O Alvo: Fraude Imobiliária no Baixo Sul
De acordo com as notas oficiais emitidas pelas autoridades, a operação visa desarticular uma organização criminosa especializada em fraudar registros imobiliários. O grupo atuava na comercialização ilegal de terras pertencentes à União, concentrando-se especialmente em áreas litorâneas altamente valorizadas, como terrenos de marinha e praias.
O esquema funcionava por meio de georreferenciamento falso e desmembramentos irregulares de lotes, que eram inseridos em cartórios da região para dar aparência de legalidade a propriedades invasoras.
Qual foi o papel de Camamu na ação?
Embora o epicentro do interesse imobiliário dos criminosos estivesse concentrado no município de Maraú — devido ao alto valor de mercado de sua faixa litorânea —, as cidades de Camamu e Cairu foram alvos estratégicos da operação.

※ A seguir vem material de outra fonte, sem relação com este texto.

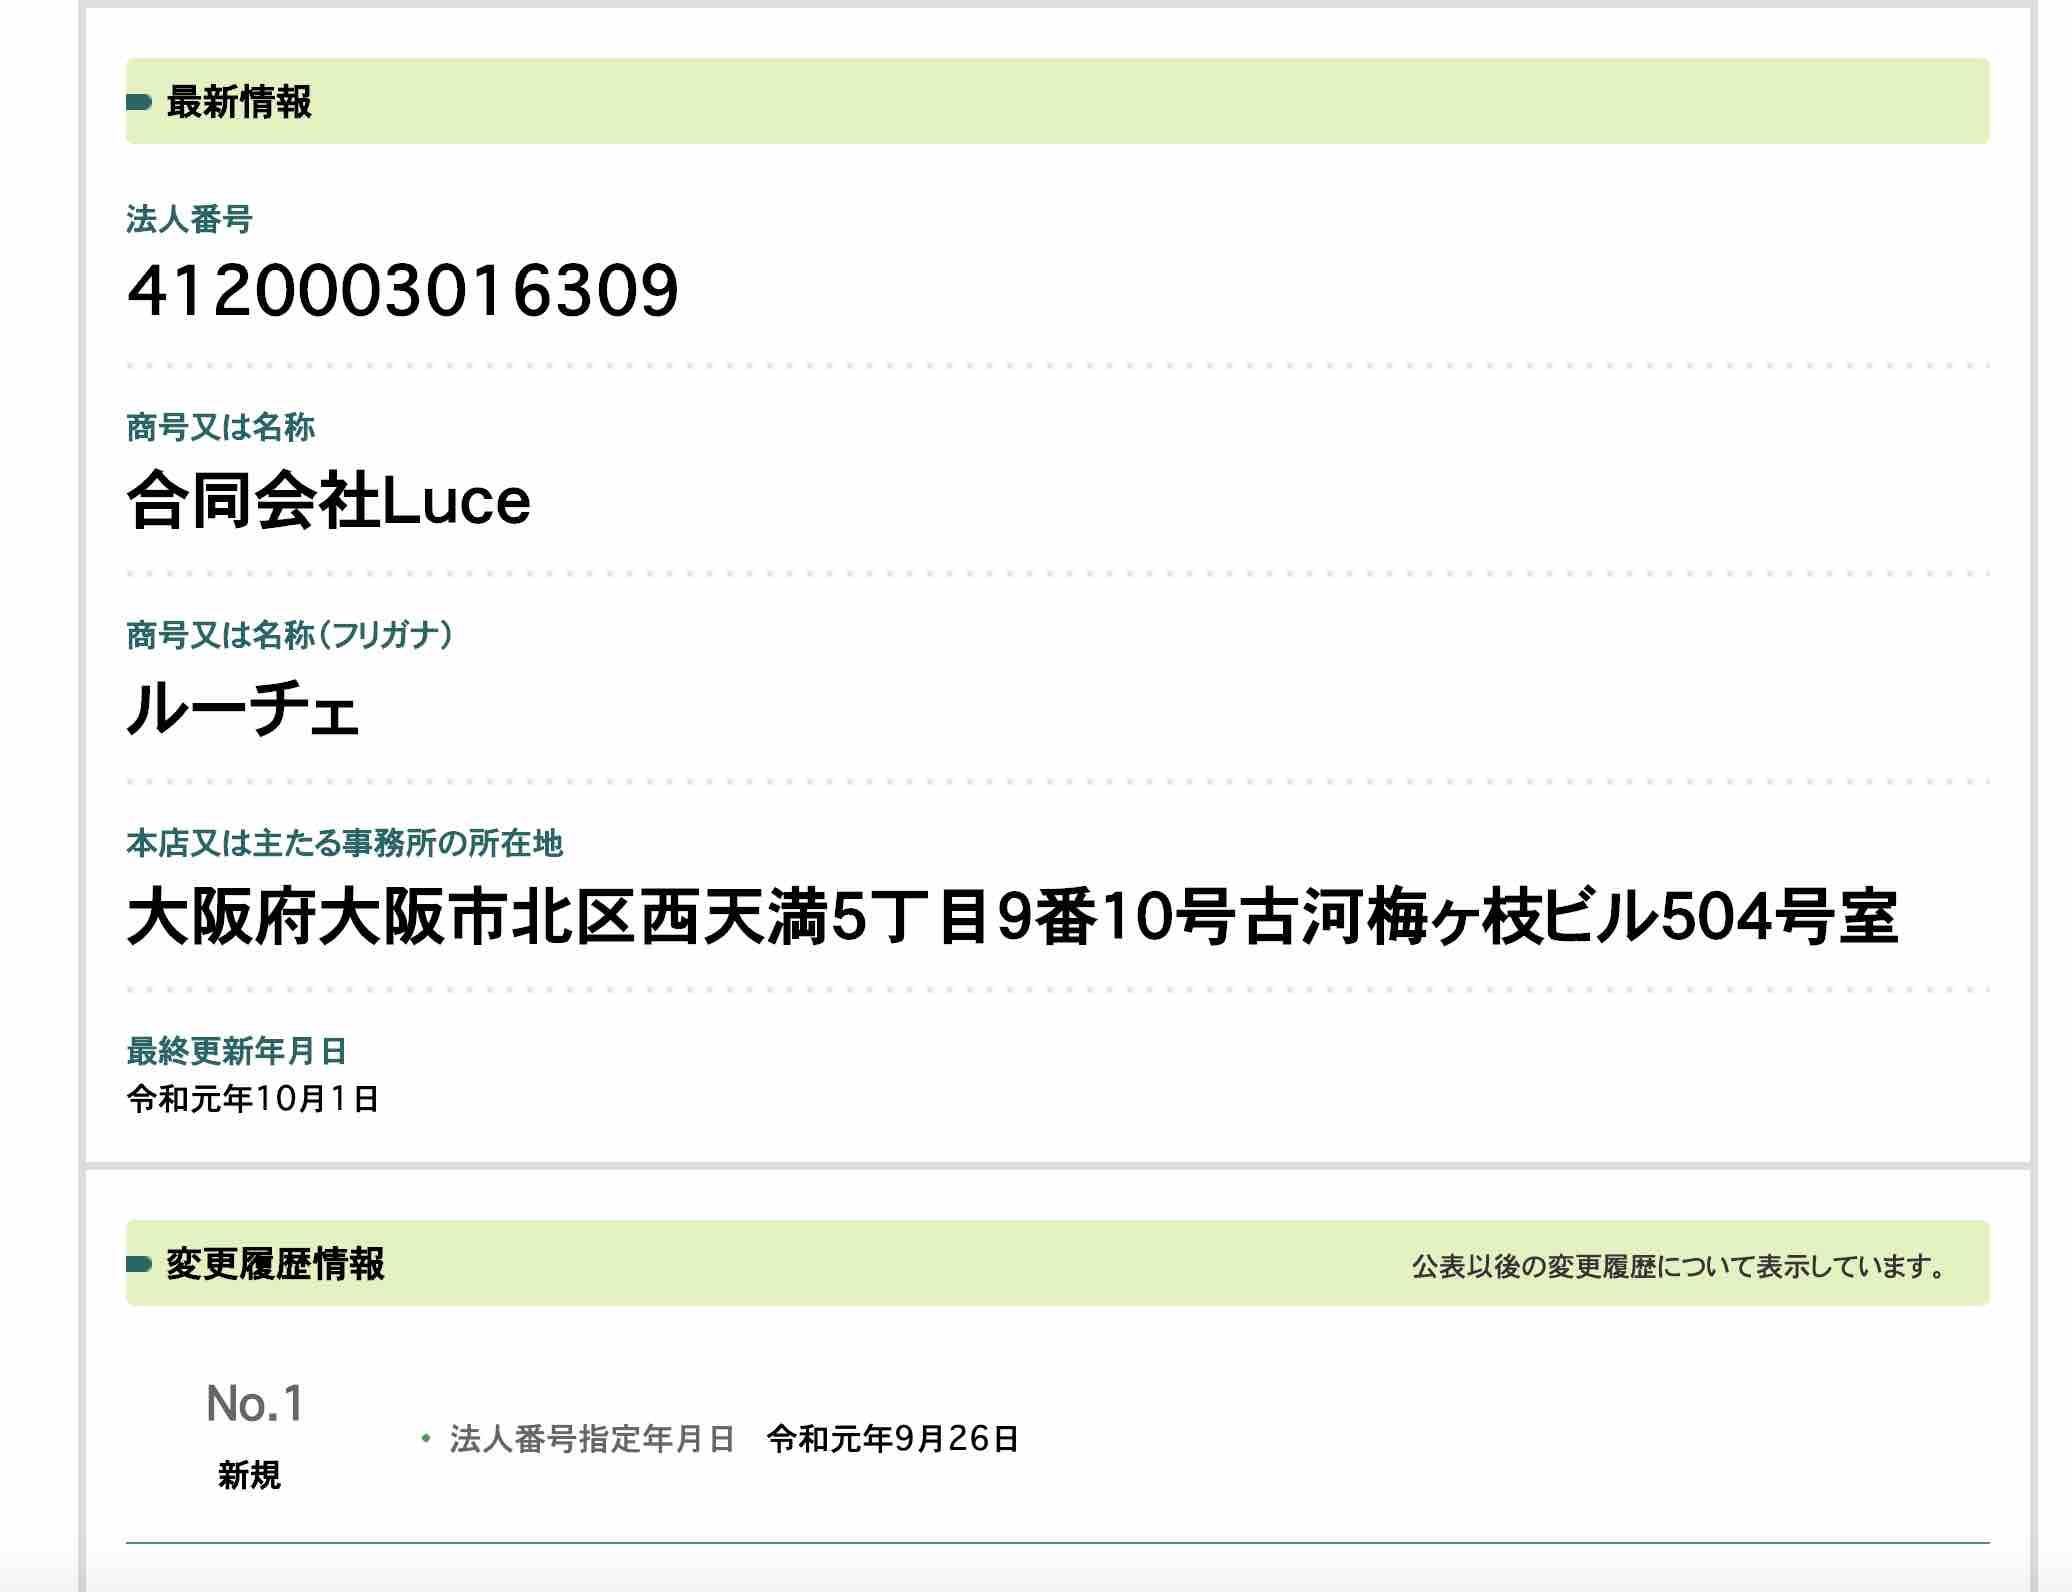 真田光世のビギニング(BEGINNING)やダークホースを運営する合同会社Luce (合同会社ルーチェ)

Os agentes cumpriram 6 mandados de busca e apreensão expedidos pela Justiça Federal distribuídos entre os três municípios. O objetivo em Camamu foi recolher documentos cartoriais, mídias e aparelhos eletrônicos de pessoas suspeitas de colaborar ou facilitar a burocracia das fraudes de registro.
Balanço Oficial: Nesta fase da operação, não foram expedidos mandados de prisão. A Polícia Federal focou estritamente na coleta de provas materiais para subsidiar os próximos passos do inquérito.
Próximos Passos
As autoridades federais informaram que há indícios de atuação conjunta entre agentes públicos e particulares. No entanto, as identidades dos envolvidos seguem preservadas sob segredo de Justiça para garantir a eficácia das investigações, que continuam em andamento.